Seek Quick Wins With High Impact For Successful Data Analytics
The Harvard Business Review (HBR) is well-known for their leading research, presented in a format that is easy to digest. I was therefore pleased to see that they published a guide to data analytics and the five different approaches that most companies take when they build out a data science strategy. What’s really interesting about the article is that of the five common approaches, two almost always fail, two work partially, and one actually works. Here is a short summary of the different approaches outlined in the HBR:
- What problems do you need to solve? This is generally when the CEO hires a data scientist or sets up a team and they go off looking for problems to solve with data, but without any specific guidance from the business.
- Boil the ocean. Spending millions and trying to change the entire business without first fixing all the legacy data issues inside the company, therefore having almost no impact.
- Let a thousand flowers bloom. Embracing data analytics from the top level and encouraging each business unit to use it, but not forcing or guiding them on what they can achieve.
- Three years and $10m from now it will be great. Building out committees and workshops and designing change that may only take effect years in the future can possibly work, but often it will not. People lose interest and move on.
- Start with high-leverage business problems. To build value quickly, identify the quick wins where data analytics can have a direct impact on the business and seek these opportunities across every team.
As you might expect, it’s the first two that don’t work, the next two that can work sometimes, and the final approach that works best. It works because it is pragmatic. First you identify some projects that could really benefit from using data analytics and promote the impact that it has had on these areas. Other teams will naturally want to learn from the initial data analytics projects and will take it further.

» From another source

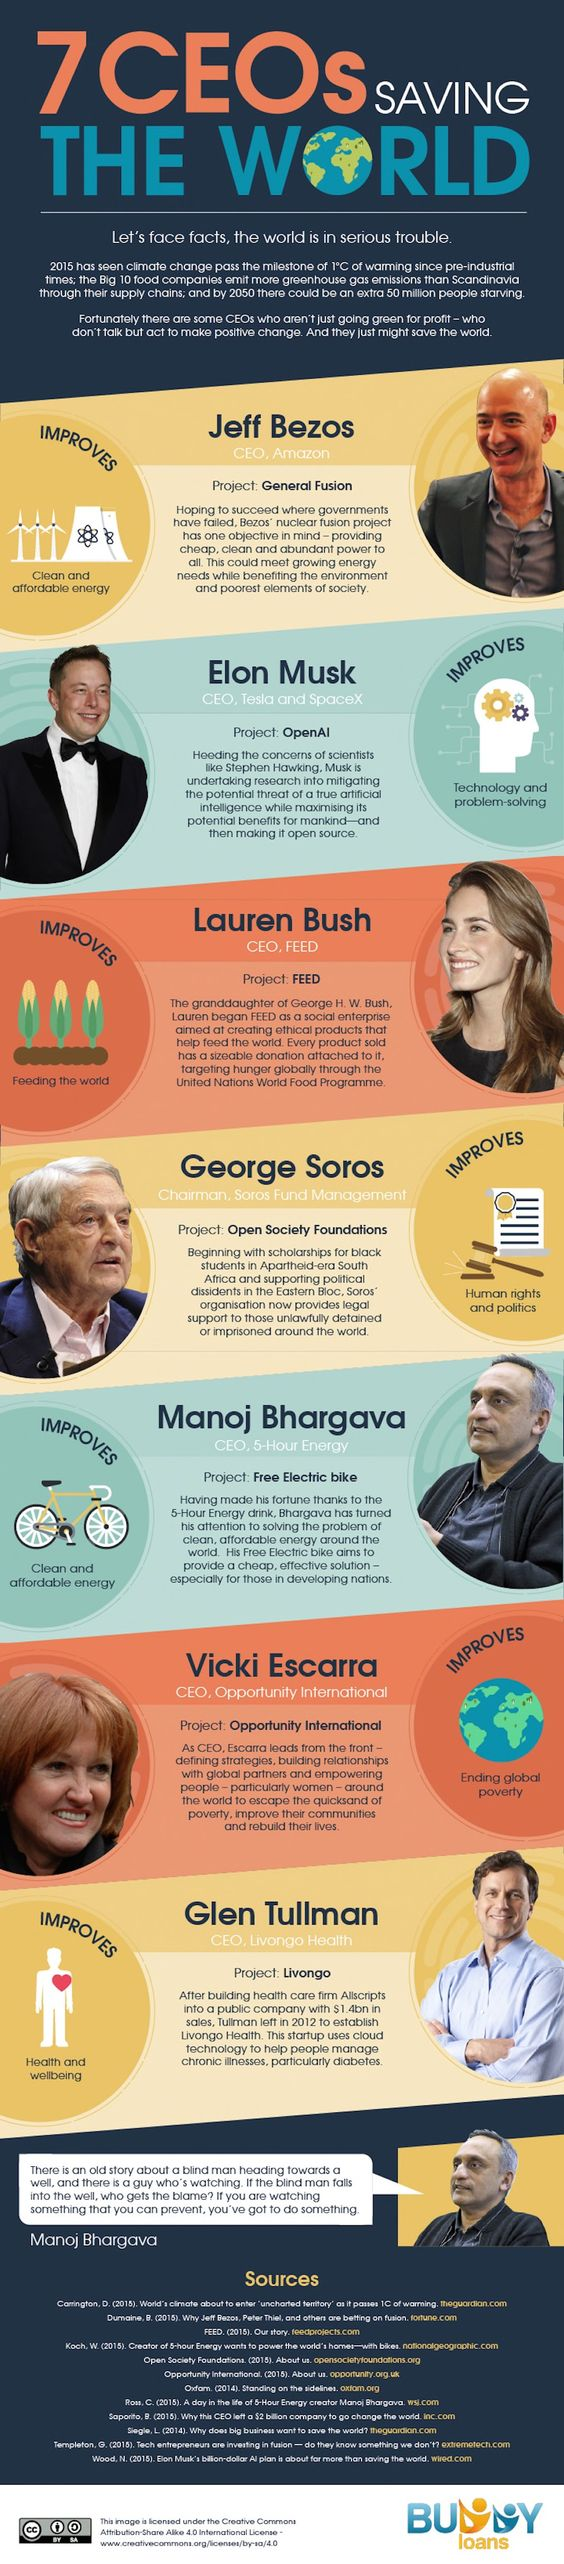 Buddy Loans, infographic, reader submitted content, CEOs saving the world, jeff bezos, elon musk, lauren bush, george soros, manoj bhargava, vicki escarra, glen tullman,

This pragmatic approach and focus on quick wins is frequently used by consultants advising on major change programs so it is a surprise that with data analytics it is not often applied. I believe this is because there are so many fascinating use cases for data analytics that it looks like a done deal – it has to be good for the business so there is no need to run pilots or seek quick wins.
This is a dangerous approach for any business and reminds me of when CEOs rushed to buy expensive CRM systems without building any of the processes and people training they would need to make it work. Technology itself, including data analytics, is never a quick fix. You need to identify specific areas of the business where it could make the quickest impact and then communicate the results so people across the business buy into the new ideas and systems.